### Supplied information
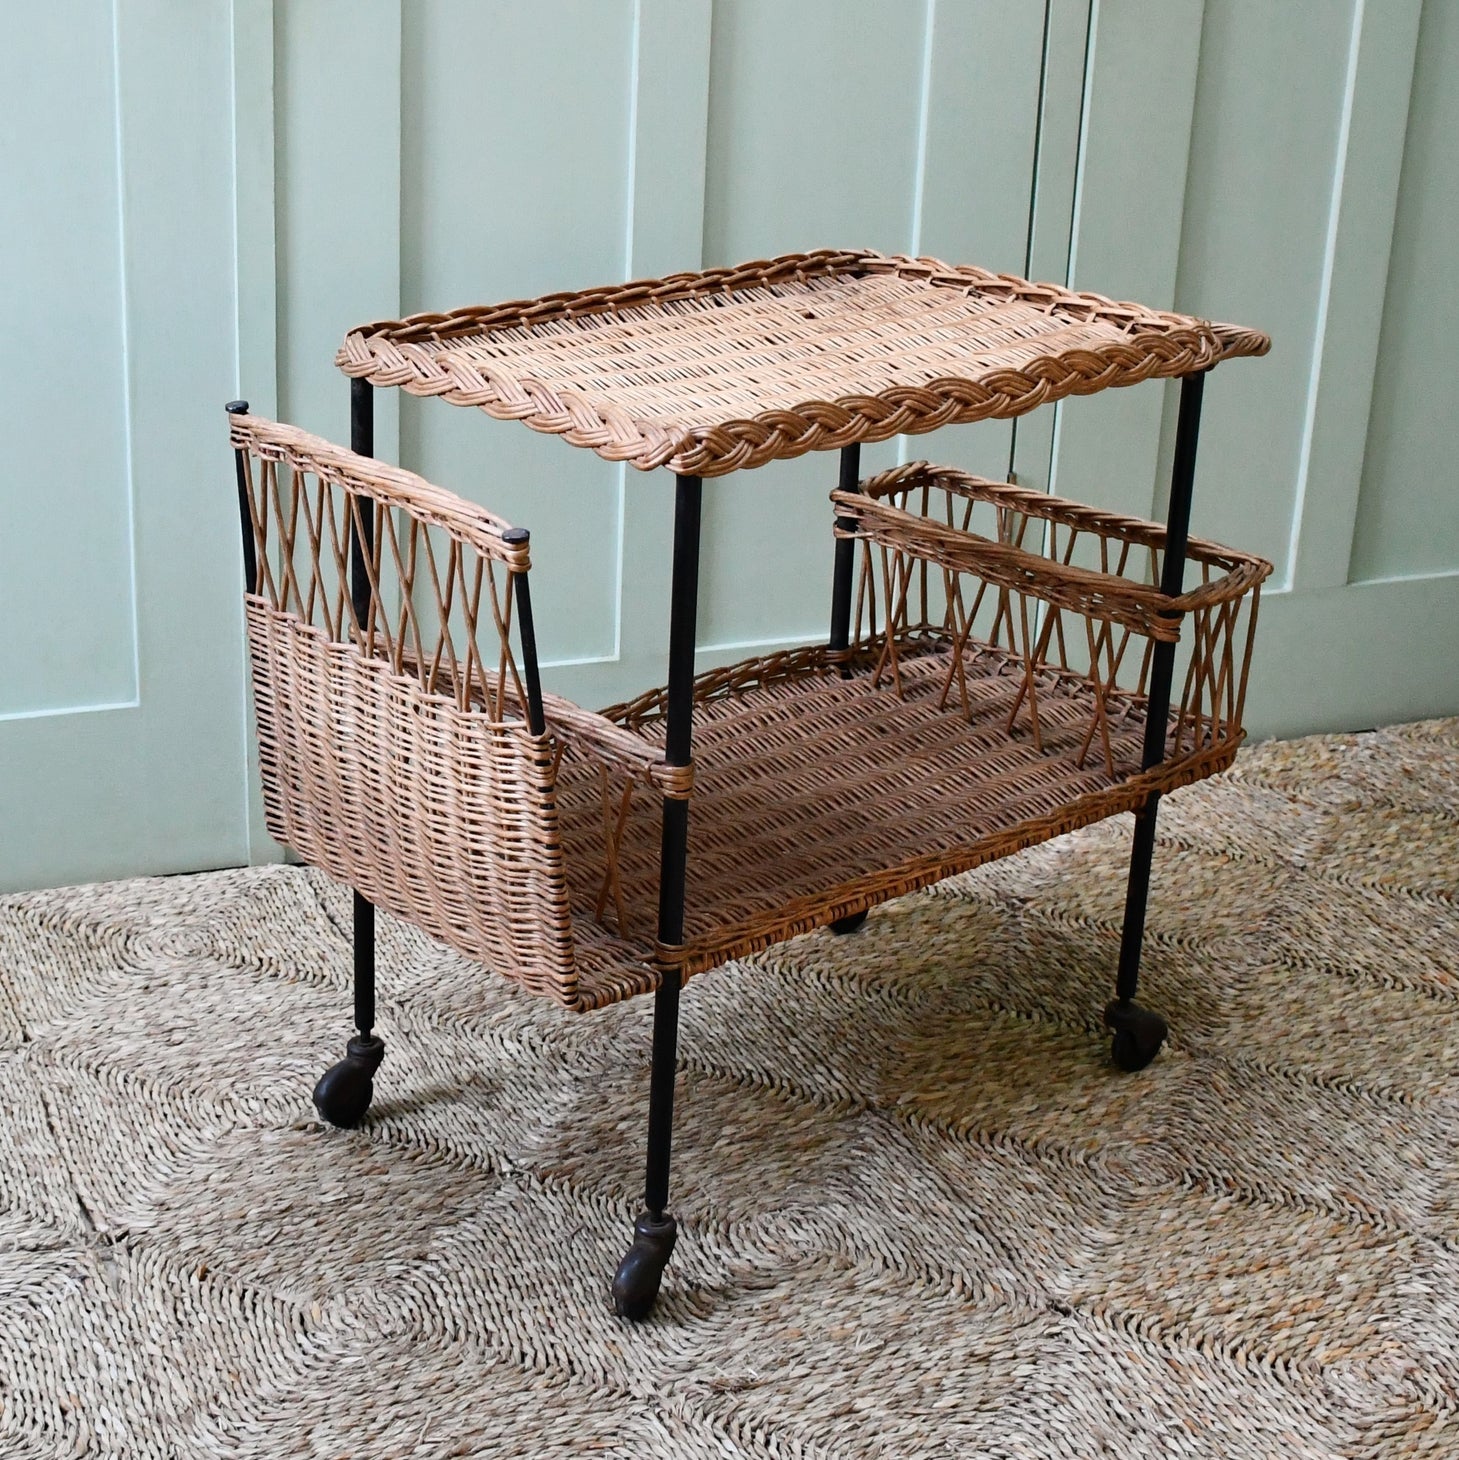 Raoul Guys - French Drinks Trolley
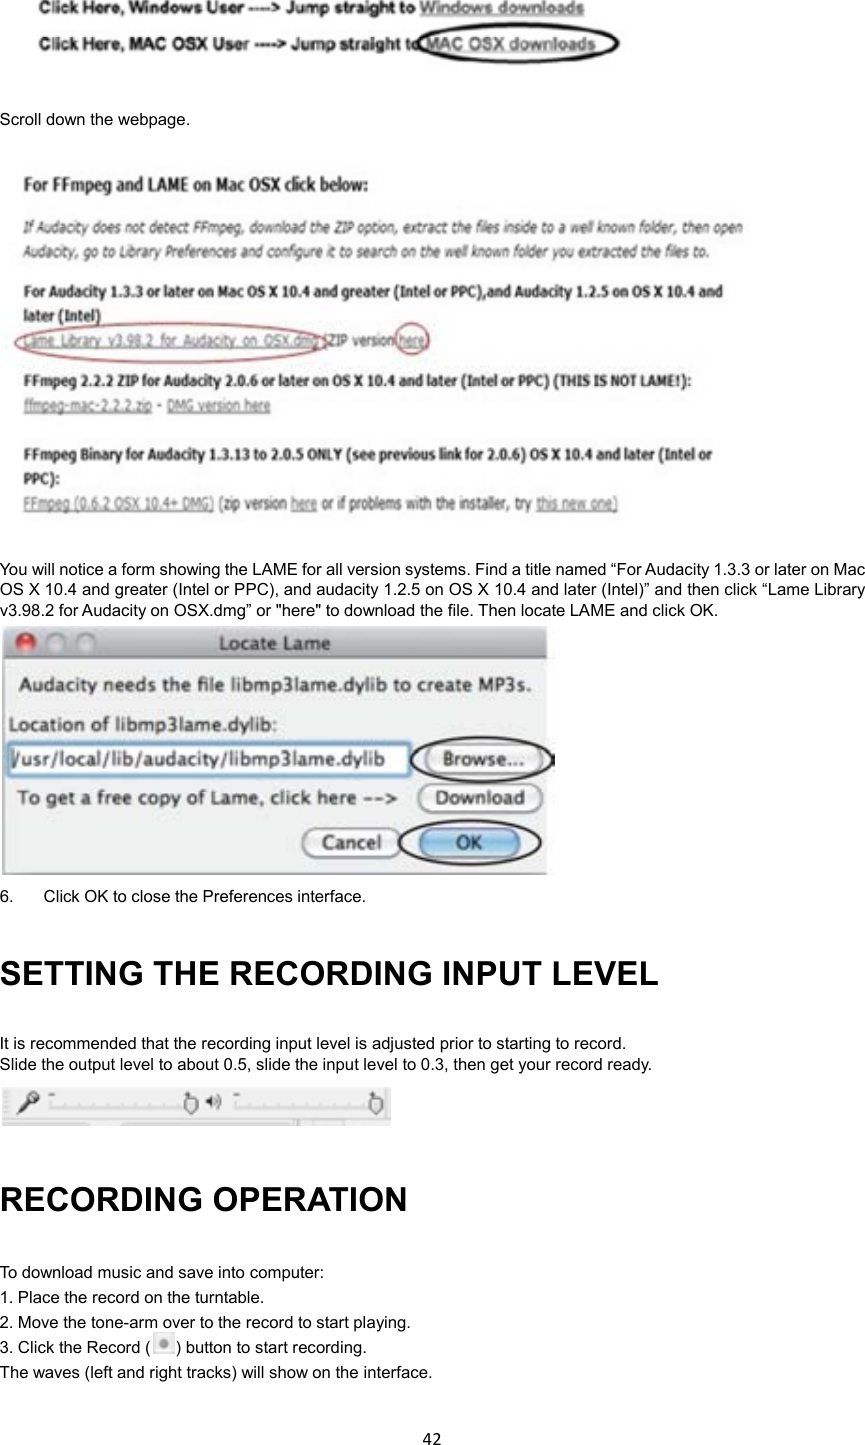 42     Scroll down the webpage.  You will notice a form showing the LAME for all version systems. Find a title named “For Audacity 1.3.3 or later on Mac OS X 10.4 and greater (Intel or PPC), and audacity 1.2.5 on OS X 10.4 and later (Intel)” and then click “Lame Library v3.98.2 for Audacity on OSX.dmg” or &quot;here&quot; to download the file. Then locate LAME and click OK.  6.  Click OK to close the Preferences interface. SETTING THE RECORDING INPUT LEVEL It is recommended that the recording input level is adjusted prior to starting to record. Slide the output level to about 0.5, slide the input level to 0.3, then get your record ready.  RECORDING OPERATION To download music and save into computer: 1. Place the record on the turntable. 2. Move the tone-arm over to the record to start playing. 3. Click the Record ( ) button to start recording. The waves (left and right tracks) will show on the interface.  
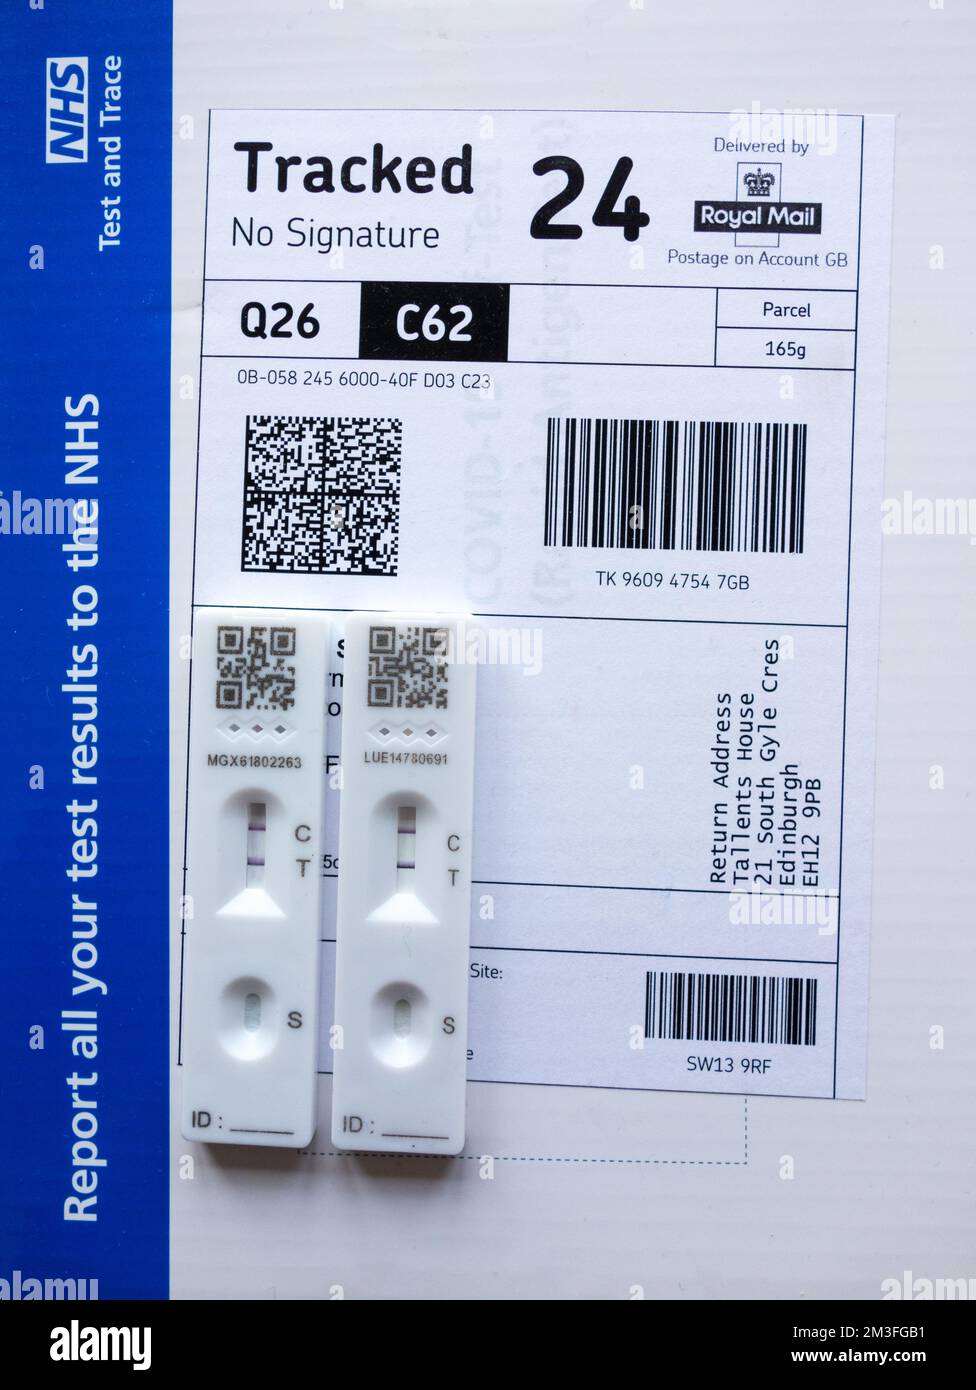 NHS Test, Track and Trace Covid-19 Selbsttest (Rapid Antigen Test) Kits Stockfoto

### Requirement
Only the pictures may be dropped when you copy the data above; everything else stays exact.

### Response
 Raoul Guys - French Drinks Trolley
 42     Scroll down the webpage.  You will notice a form showing the LAME for all version systems. Find a title named “For Audacity 1.3.3 or later on Mac OS X 10.4 and greater (Intel or PPC), and audacity 1.2.5 on OS X 10.4 and later (Intel)” and then click “Lame Library v3.98.2 for Audacity on OSX.dmg” or &quot;here&quot; to download the file. Then locate LAME and click OK.  6.  Click OK to close the Preferences interface. SETTING THE RECORDING INPUT LEVEL It is recommended that the recording input level is adjusted prior to starting to record. Slide the output level to about 0.5, slide the input level to 0.3, then get your record ready.  RECORDING OPERATION To download music and save into computer: 1. Place the record on the turntable. 2. Move the tone-arm over to the record to start playing. 3. Click the Record ( ) button to start recording. The waves (left and right tracks) will show on the interface.  
 NHS Test, Track and Trace Covid-19 Selbsttest (Rapid Antigen Test) Kits Stockfoto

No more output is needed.